Unlike social situations which have vague win conditions and many more variables than I could contemplate in this brief article, games are simplied into one cohesive win condition that every player shares and which every player (in standard cases involving identical player starting conditions) has an equal opportunity of winning at. Given that games have this simplified structure, it seems it’s only a matter of understanding the mechanics before assessing whether that game is likely to frustrate me. Identifying frustrating mechanics is a person-specific thing, perhaps not obviously. A game which may frustrate me might evoke joy in a child: candyland. As for mechanics, any game that I can foreseeably lose in the first few turns and then have to finish despite it being impossible for me to win, is liable to make me want to quit. Like a one-sided conversation with someone whose position I deplore, I am put in a position where I can’t win and I don’t want to continue losing. If the mechanics of the game are such that any decision I make from a certain point on matters for nothing, then I don’t see the point in continuing to play. The exception here is if the game was very good up until a point nearing the end and the game may as well be decided but it was so good that I want to finish to see the final scores. That is more like a friendly argument where in I decidedly lose the argument and am happy to hear my opponent finish their masterful rebuttal. Despite knowing I lost, the activity was pleasureful and the end marks the end of a pleasurable activity and not simply where I officially lost. If the end marks an arbitrary finish to what was an unpleasant experience, then why wait for that? Let’s end it right now and be done with it.

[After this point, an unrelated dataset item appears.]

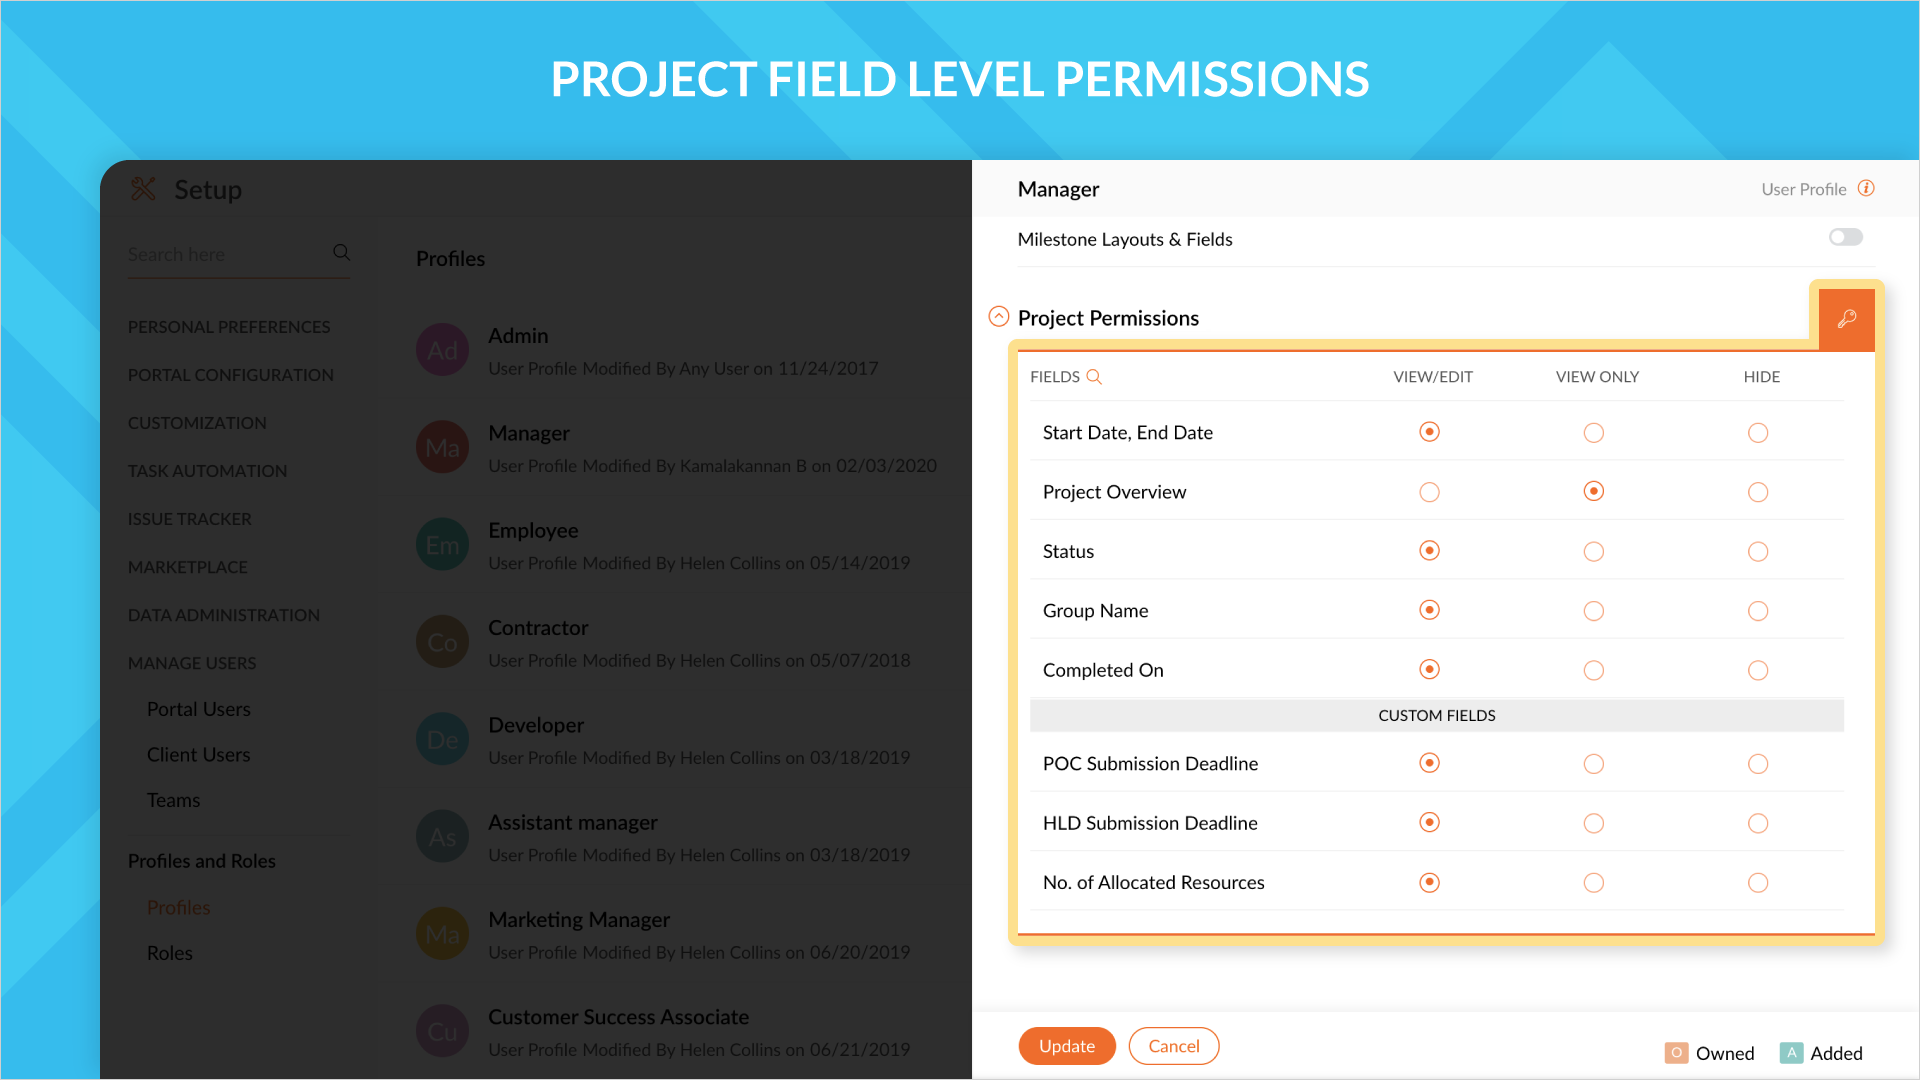 Project Field Level Permissions

Just to clarify the distinction between losing in the first few rounds and then finishing the game to losing in the last few rounds and finishing the game, the first situation may appear superficially similar in that I am losing, I’ve lost, and yet the game continues on and I don’t mind but If we continue to use the analogy of an argument it is as though my opponent has won a simple argument in the first few remarks and then decidedly sees fit to continue on this ‘conversation’ as a lecture on why my opponent is right, pausing here and there for me to ‘take my turn’ in the conversation with the appropriate “hm,” “ah uh” and “ah” ‘s. These sounds don’t effect the end result of this ‘conversation’ any more than my continuing to play my turn would effect the end result of a game that had already been decided. If the game is still being played, i.e., I still have a chance at winning because of meaningful decisions I may make, then I am happy to continue. But as soon as the game is over, I think it ought to be over. I think it’s a quirk of bad game design that a game could be decided but not finished. And I think it’s that process of languishing in an innevitable conclusion that I find so frustrating. It is my compromised ability to win coupled with the necessity that I make ‘decisions’ that only facilitate my losing and the continuance of an activity I have no desire to be a part of that provoke frustration. Losing in this way is frustration.